[[ PROVIDED DATA open ]]

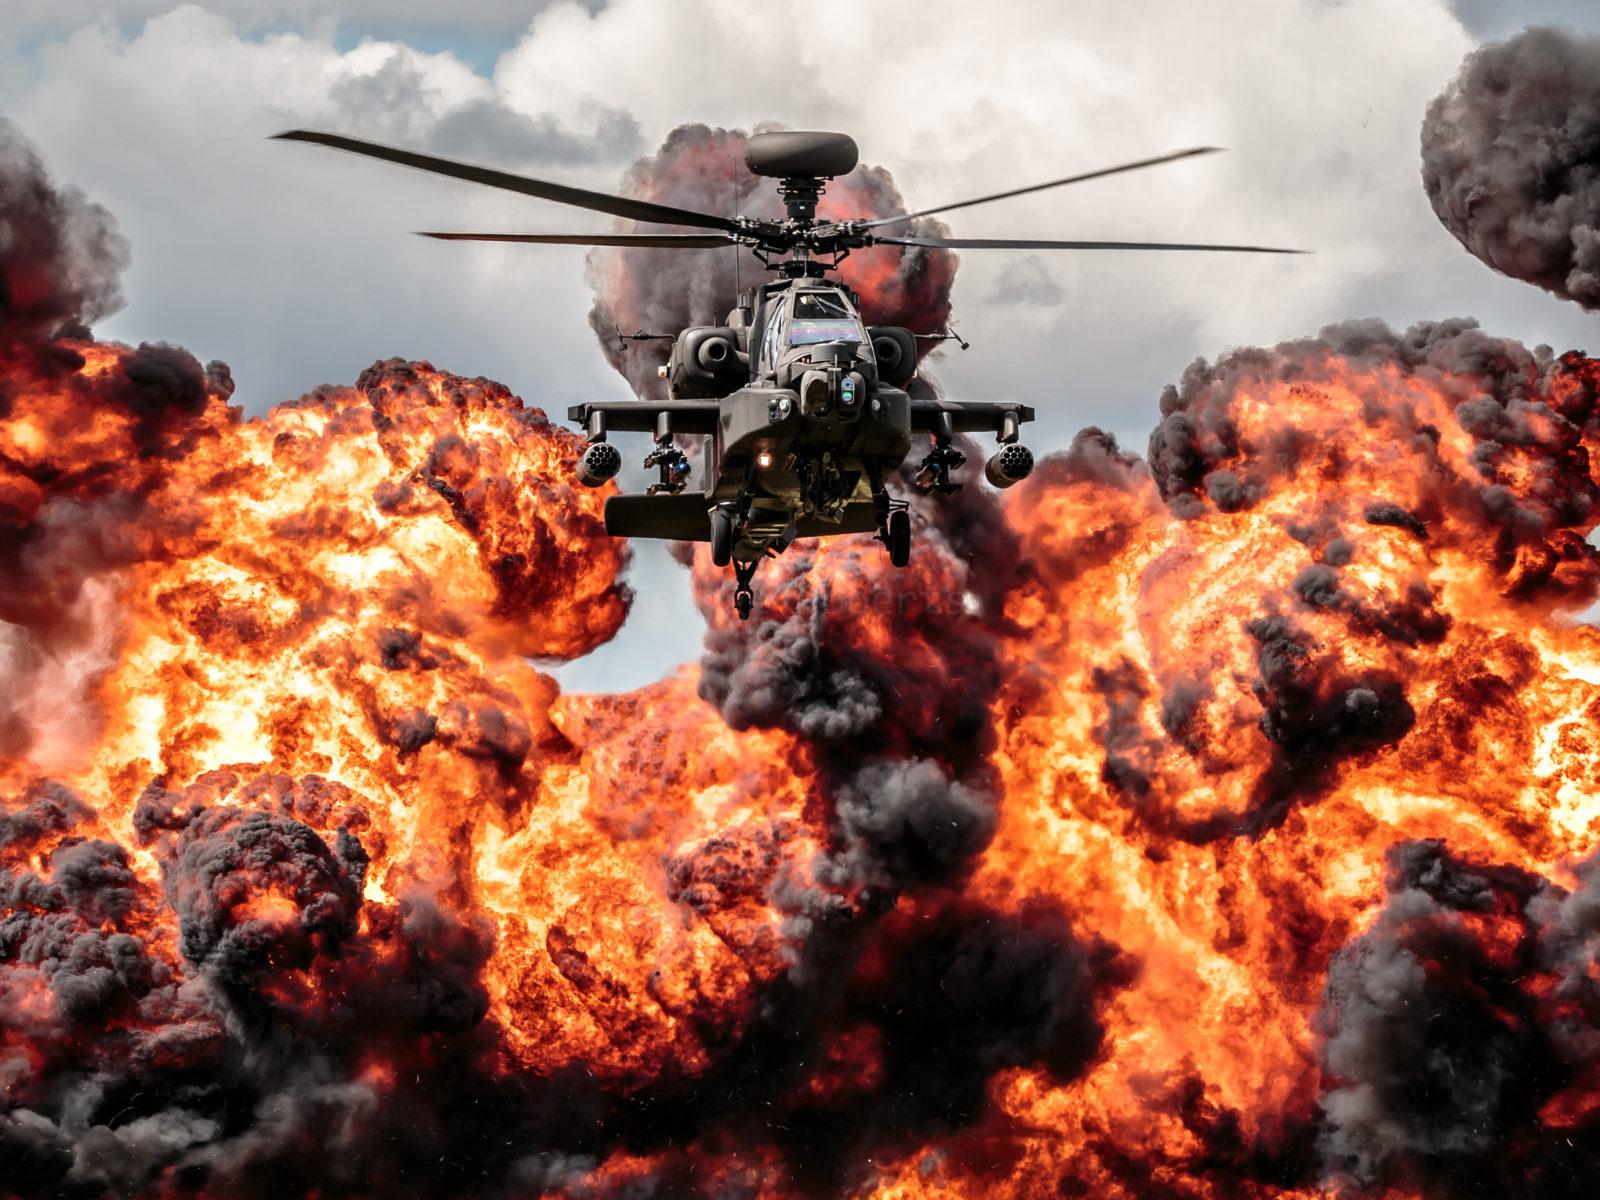 Hd Wallpapers Fire Cars Helicopter Apache Explosion Fire Hd Desktop Wallpaper
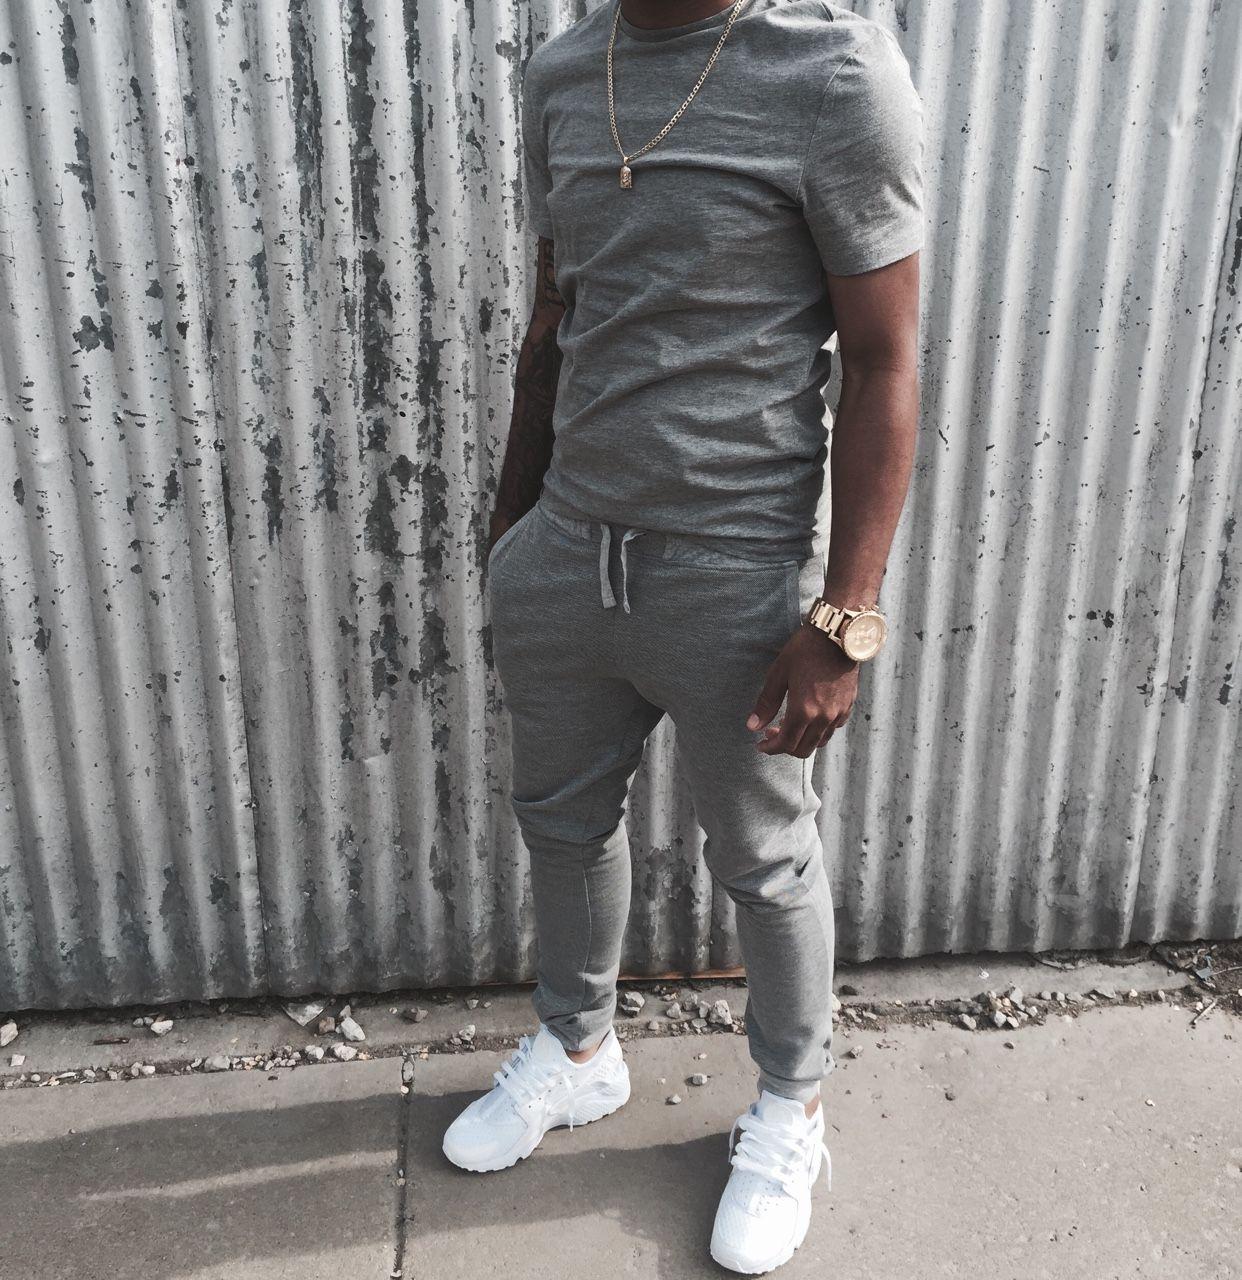 ḹ\u20a5קᎧƧƨῗɓŁḕ Moda Men, Nike Men Fashion, Fashion Moda, Urban Fashion,
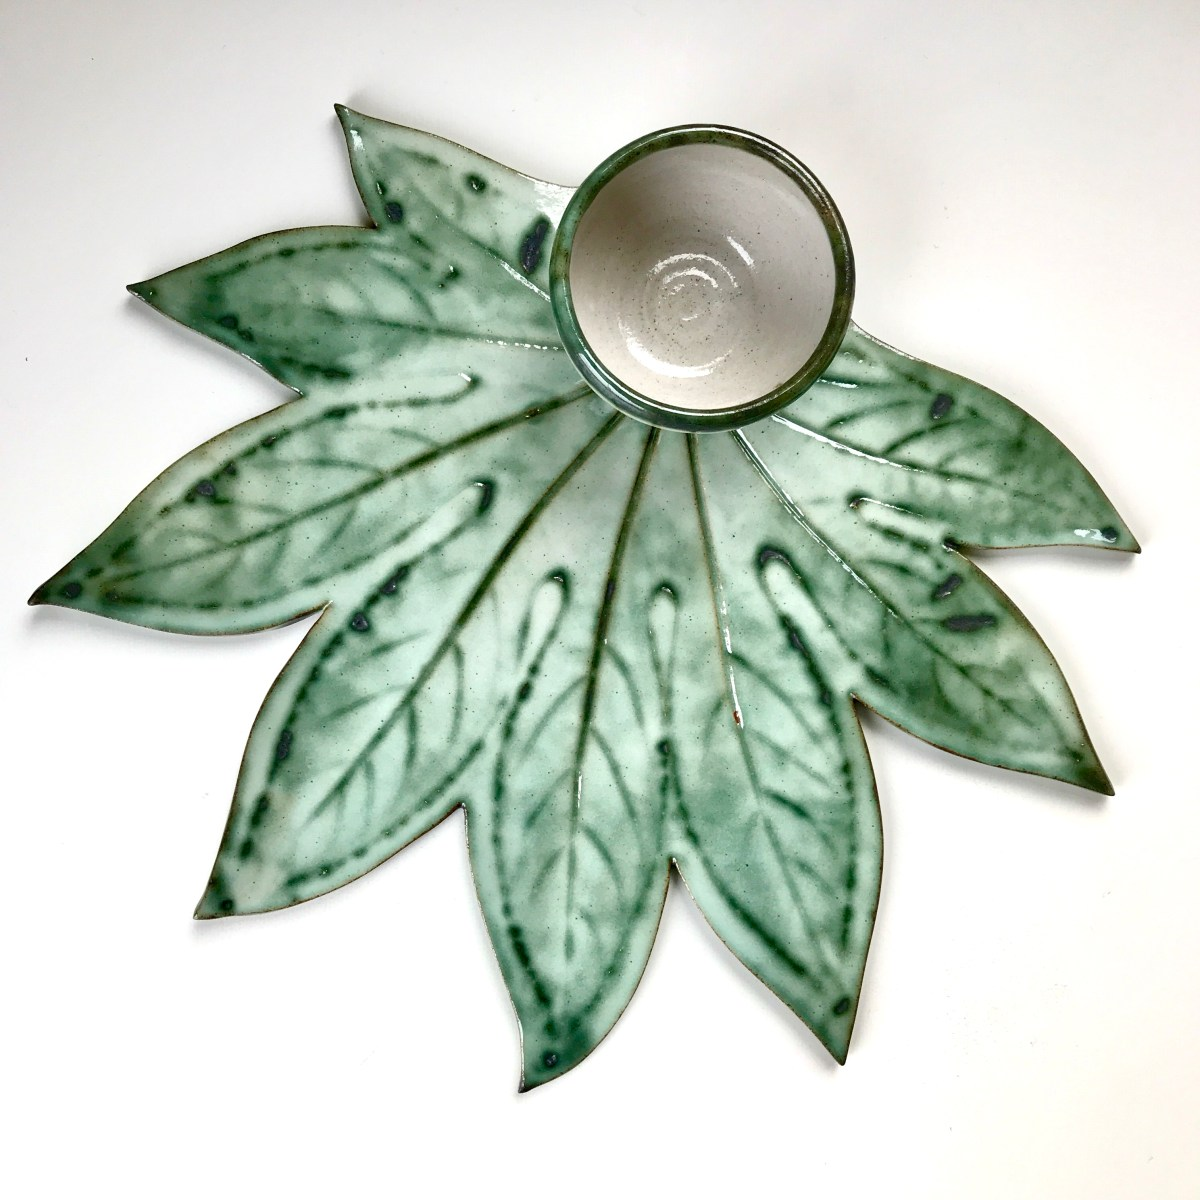 Fatsia Leaf Sharing Platter & Condiment Bowl by Sonya Ceramic Art
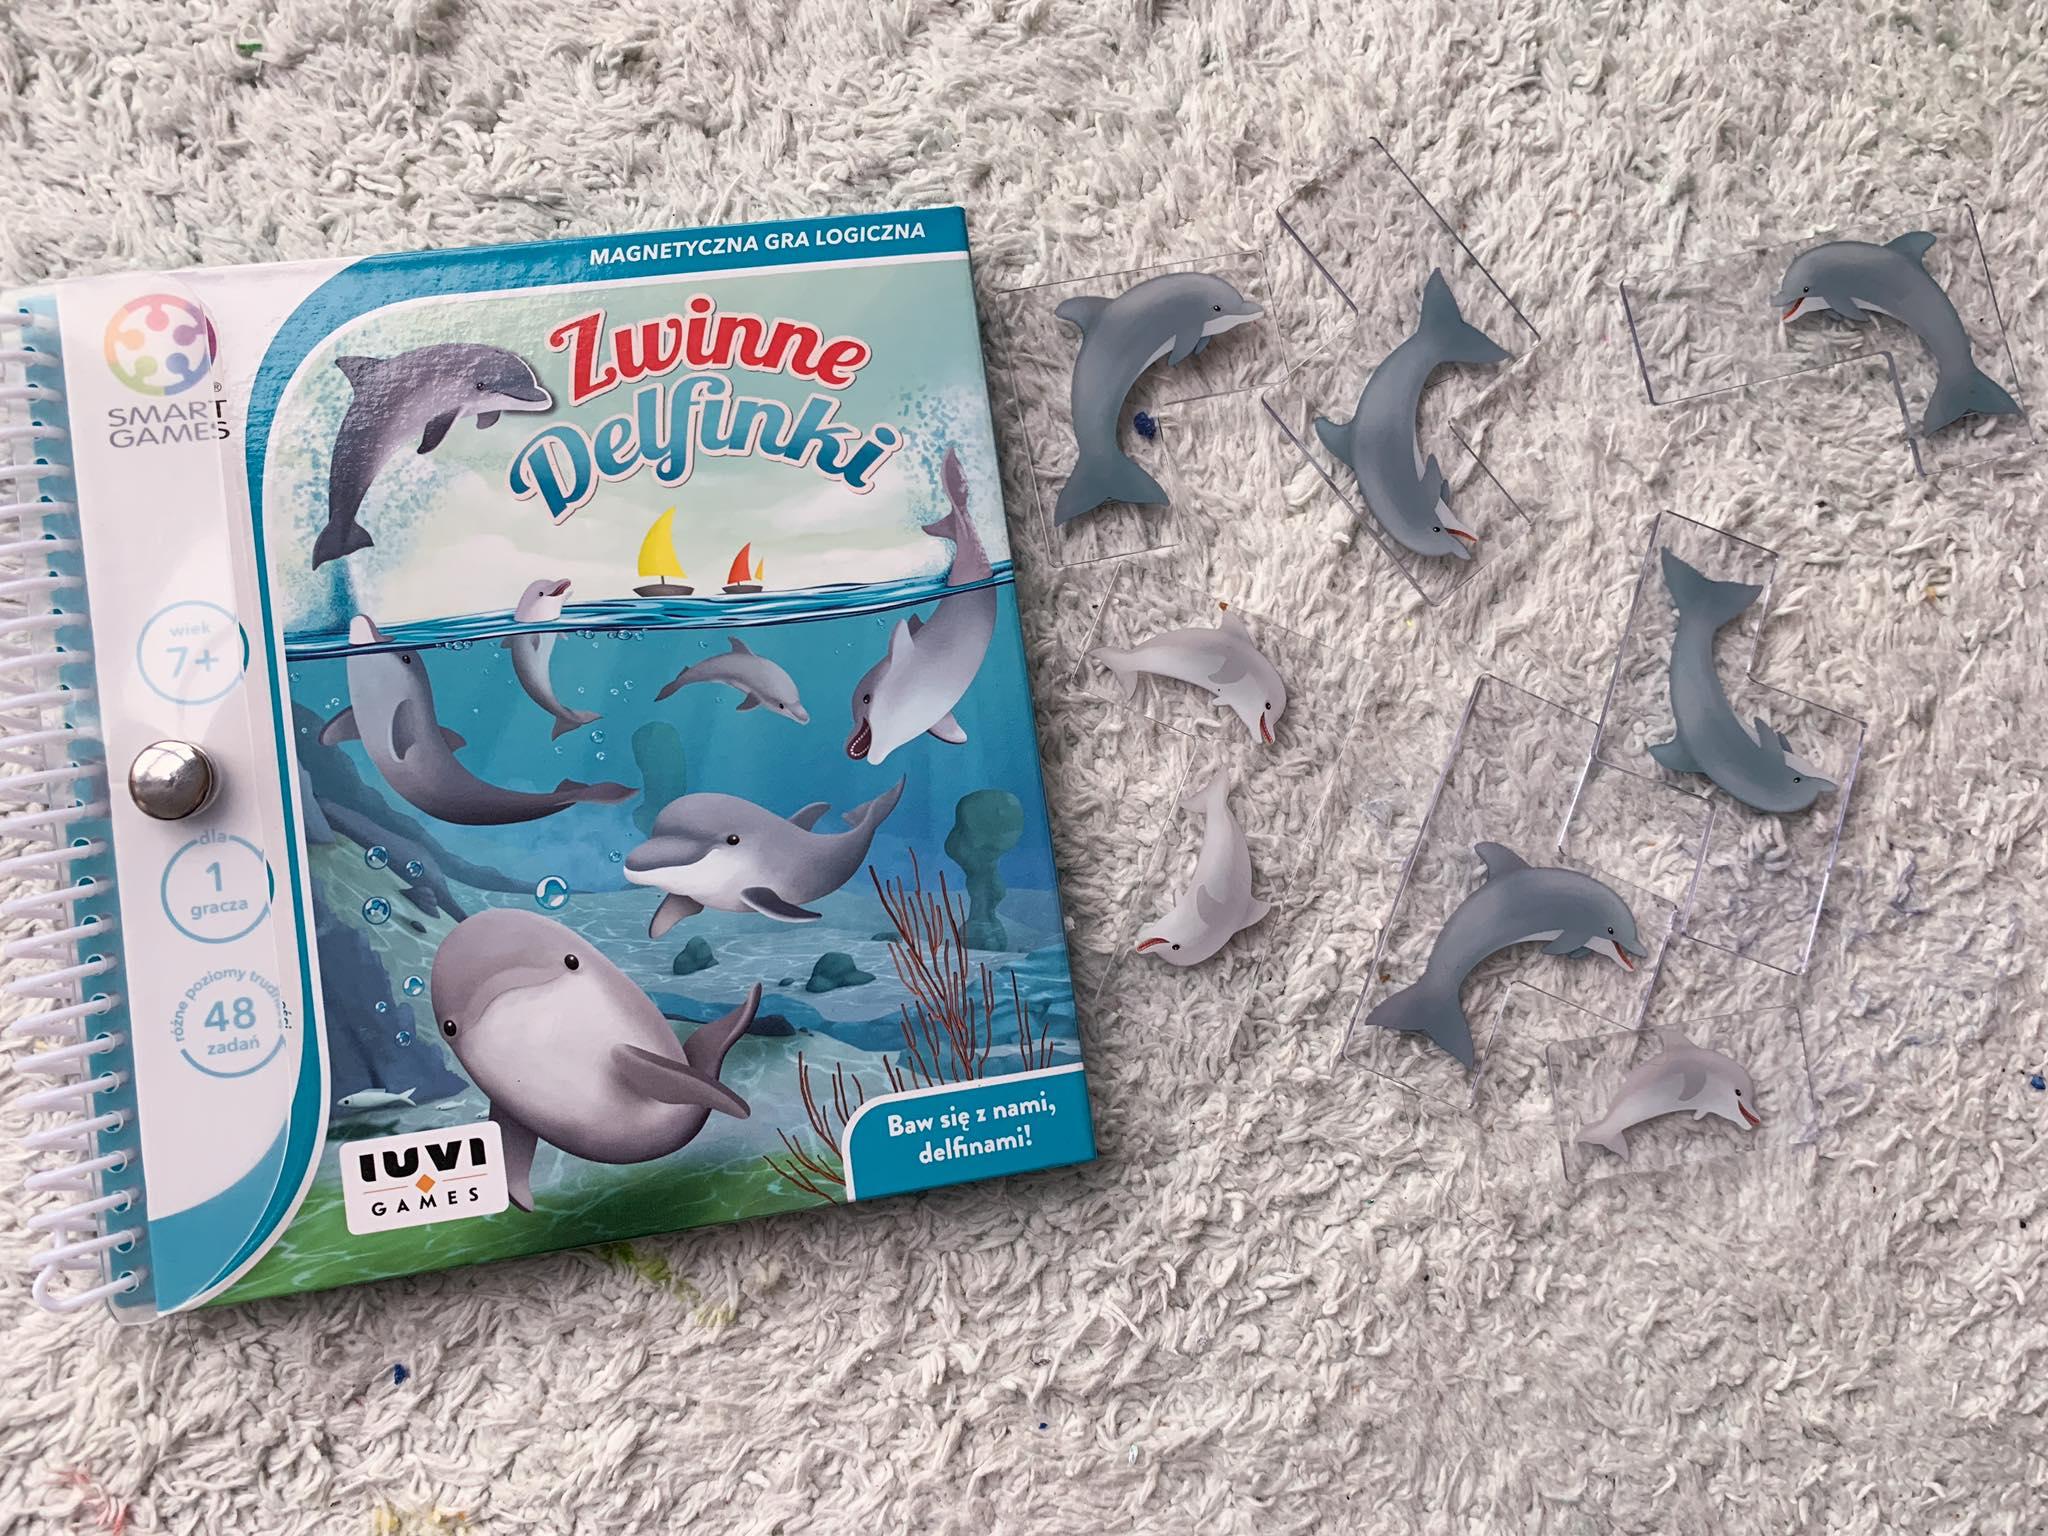 Smart Games_delfinki

[[ PROVIDED DATA closed ]]

# WHAT THE TASK REQUIRES:
Beginning with the line that holds "Fatsia Leaf Sharing", write out exactly the lines down to the end of the material above, and no others. Pictures are not part of the copy.

# WRITTEN ANSWER:
 Fatsia Leaf Sharing Platter & Condiment Bowl by Sonya Ceramic Art
 Smart Games_delfinki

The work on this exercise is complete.